Ballot Language: In Re Linder, No. 03-19-00553-CV, 2019 WL 3978582 (Tex. App.—Austin Aug. 22, 2019) (mem. op.).This is a mandamus action seeking modification of ballot language of a proposition to adopt a citizen-initiated ordinance.
Linder and approximately 31,900 registered voters signed a citizen-initiated petition proposing an ordinance regarding the City of Austin’s use of revenue from hotel-occupancy taxes. The proposed ordinance generally required the city to spend 15 percent of hotel occupancy taxes on cultural arts and 15 percent on historic preservation; limit its spending on the convention center to 34 percent of the hotel-occupancy tax revenue; spend the remaining hotel-occupancy tax revenue to support and enhance the city’s cultural tourism industry; and obtain voter approval for the convention center improvement and expansion costing more than $20 million. The petition was certified, and the city prepared the ballot language that referenced “voter approval for Convention Center improvements or expansions of more than $20 million at an election for which the city must pay.” Linder filed a suit for mandamus asking the trial court to order the city to correct the ballot language so that it adequately describes the ordinance proposed by the citizen-initiated petition. Linder argued that the proposed ballot language includes extraneous and misleading information regarding election costs, and fails to inform voters that under the proposed ordinance, hotel-occupancy tax revenue would be redirected from the convention center to cultural, arts, and other tourism-related programs.

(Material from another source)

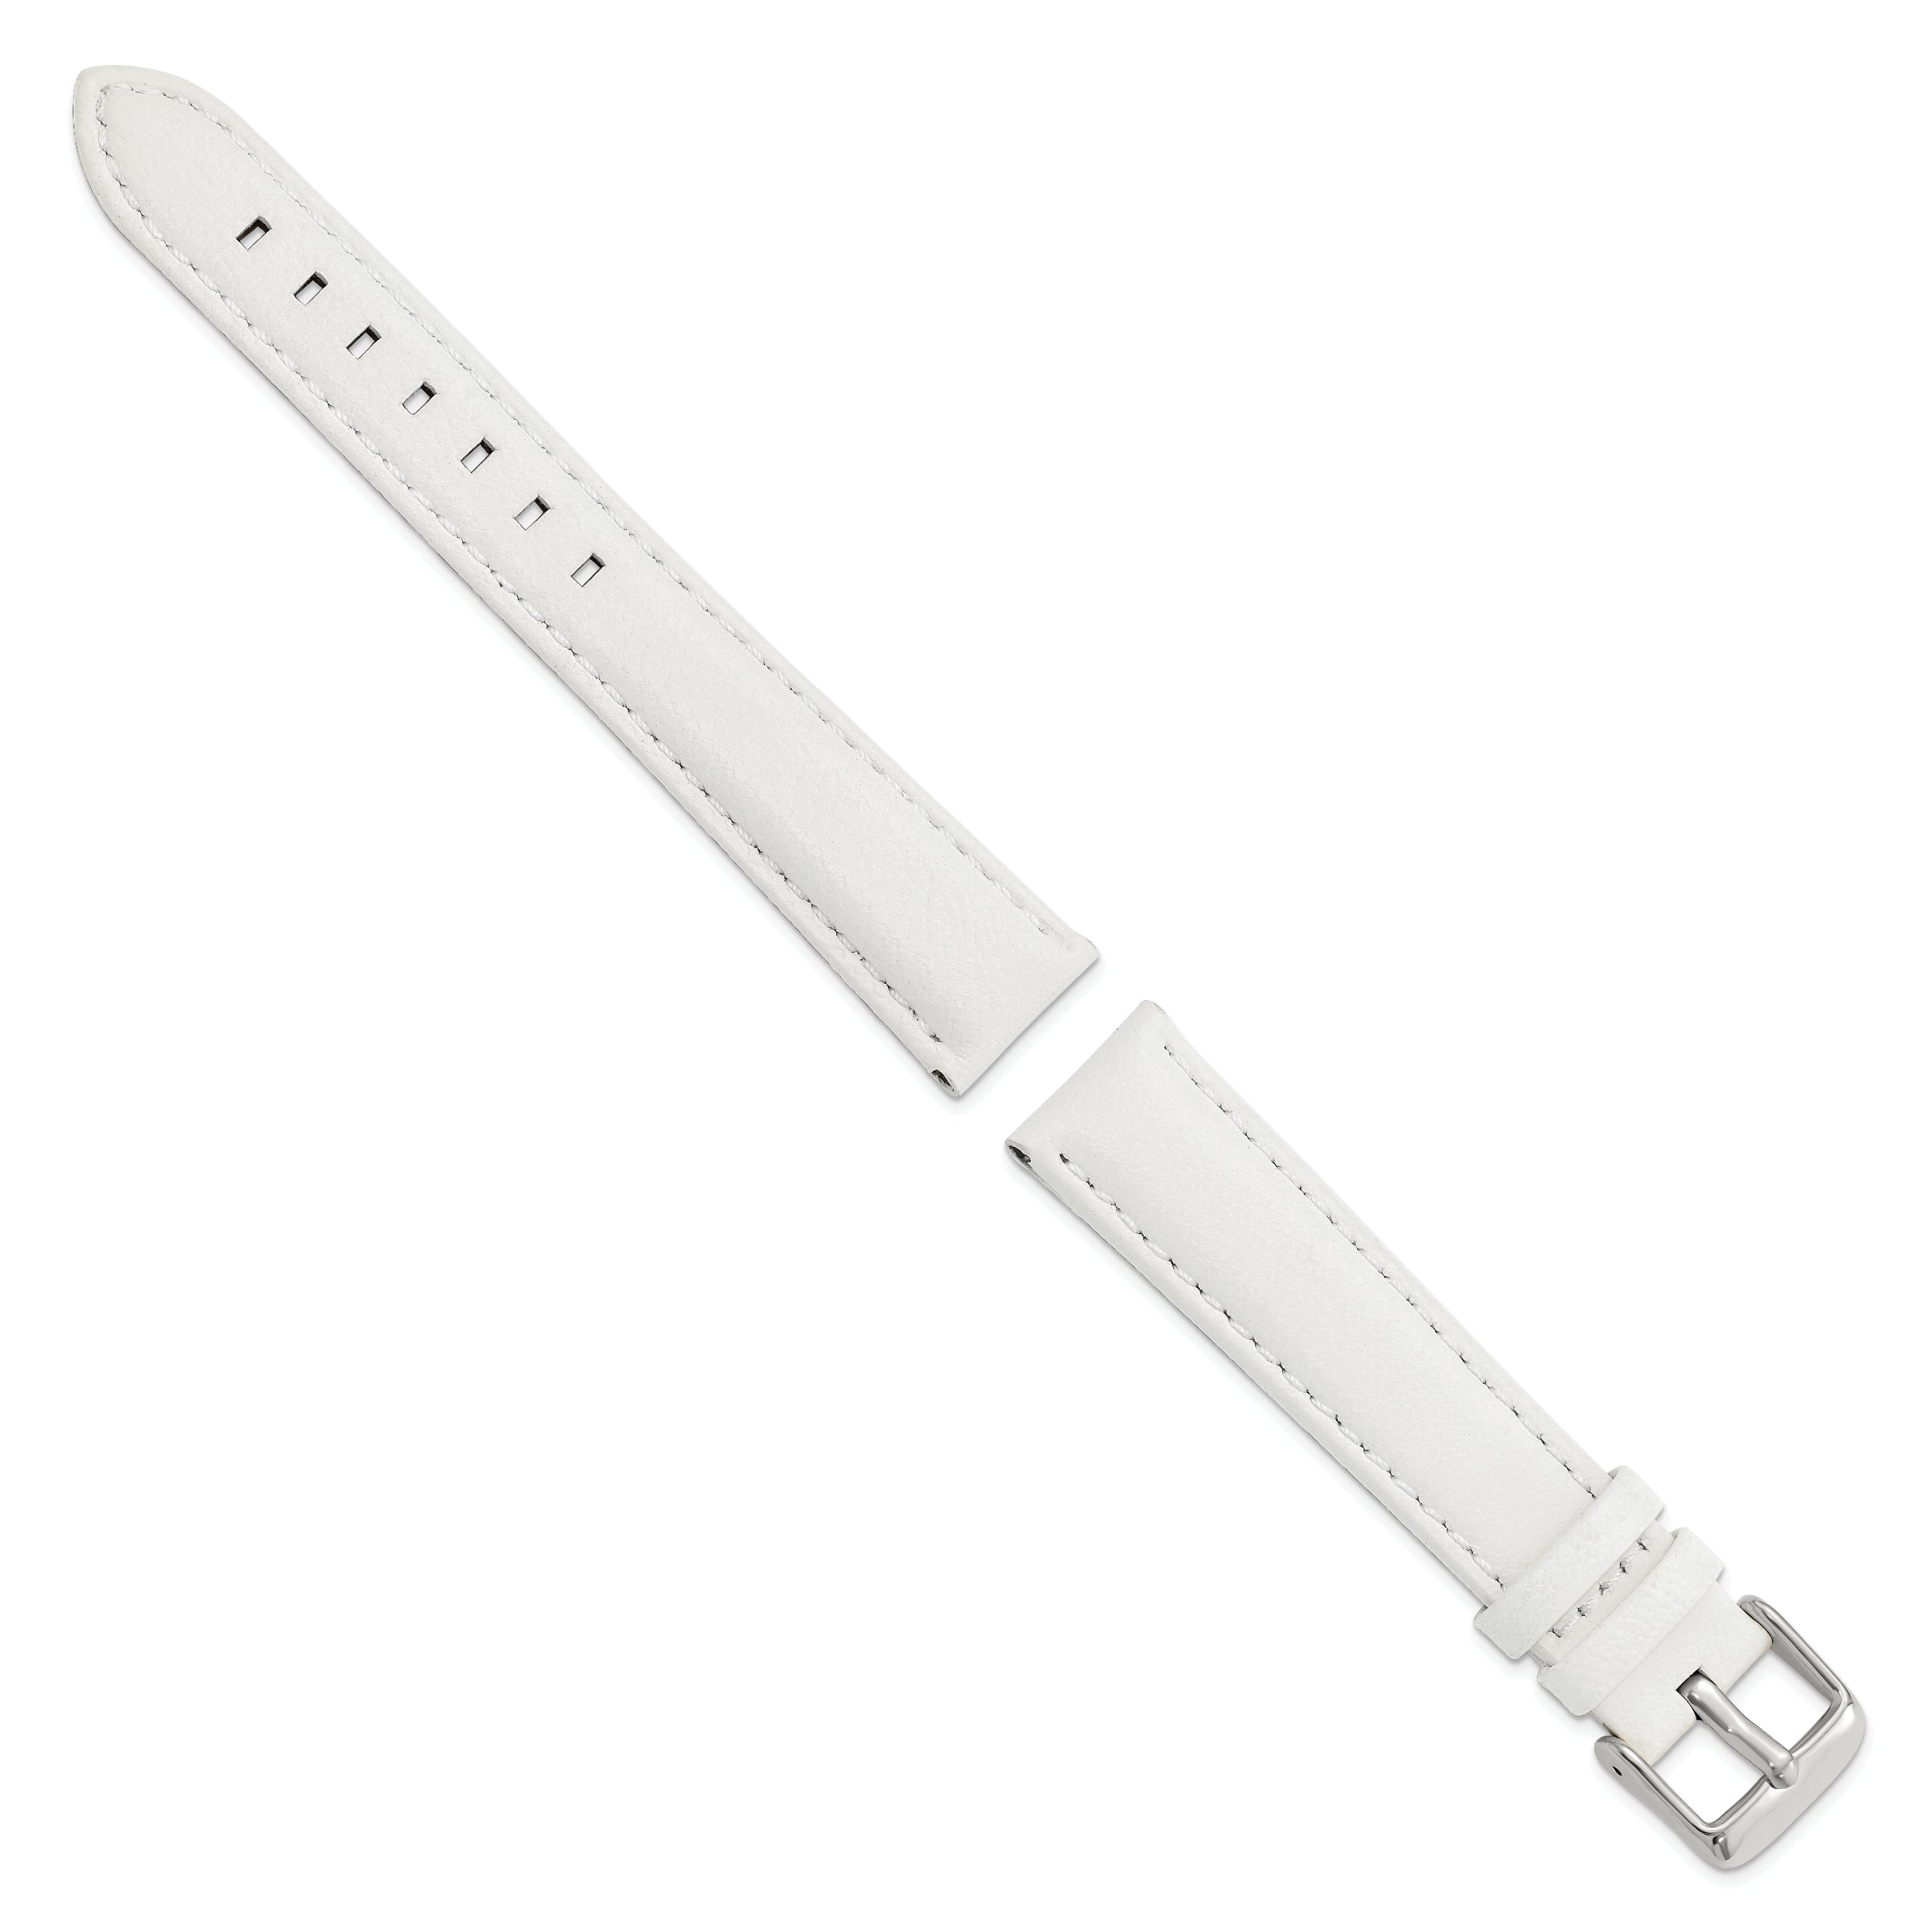 14mm White Glove Leather with Silver-tone Panerai Style Buckle 6.75 inch Watch Band

The court found that the ballot language affirmatively misrepresents future election costs associated with the ordinance because there is no requirement under the proposed ordinance that the election to approve the convention center’s improvement and expansions costs of more than $20 million be held within a given time. Additionally, the court found that the ballot language omits a chief feature of the proposed ordinance – that the ordinance would require the city to prioritize the spending of hotel-occupancy tax revenue on arts, historic preservation, and the city’s cultural tourism industry. As a result, the court found that the city had abused its discretion.
Time Payment Fee: Dulin v. State, Nos. 03-18-00523-CR; 03-18-00524-CR, 2019 WL 3807866 (Tex. App.—Austin Aug. 14, 2019). This is an appeal challenging the constitutionality of the time payment fee assessed against a defendant convicted of two offenses in a single criminal action.
Dulin was convicted under two separate cause numbers and sentenced to imprisonment for one count of indecency with a child, nine counts of aggravated sexual assault of a child, one count of continuous sexual abuse of a child under the age of 14, and one count of “super” aggravated sexual assault of a child. The trial court also assessed court costs of $589 and $639 for the count of indecency and for the “super” aggravated sexual assault of a child, respectively. Dulin appealed asserting that the time payment fee assessed against him must be reduced because a portion of the fee is unconstitutional and that duplicative costs must be deleted.
The court first looked at the constitutionality of Section 133.103(b) and (d) of the Local Government Code, which provides that a person convicted of an offense shall pay a fee of $25 if any part of a fine, court cost, fee, or restitution is paid on or after the 31st day after the date judgement is entered with $12.50 remitted to the State Comptroller and $10 retained in the general revenue of a city or county. The court concluded that because these fees are general revenue not sufficiently related to a legitimate criminal justice purpose, subsections (b) and (d) are facially unconstitutional and violate the separation of powers doctrine under article II, section I of the Texas Constitution. The court also concluded that the trial court should not have assessed the same court costs against Dulin in both cause numbers as he was convicted of two offenses in a single criminal action.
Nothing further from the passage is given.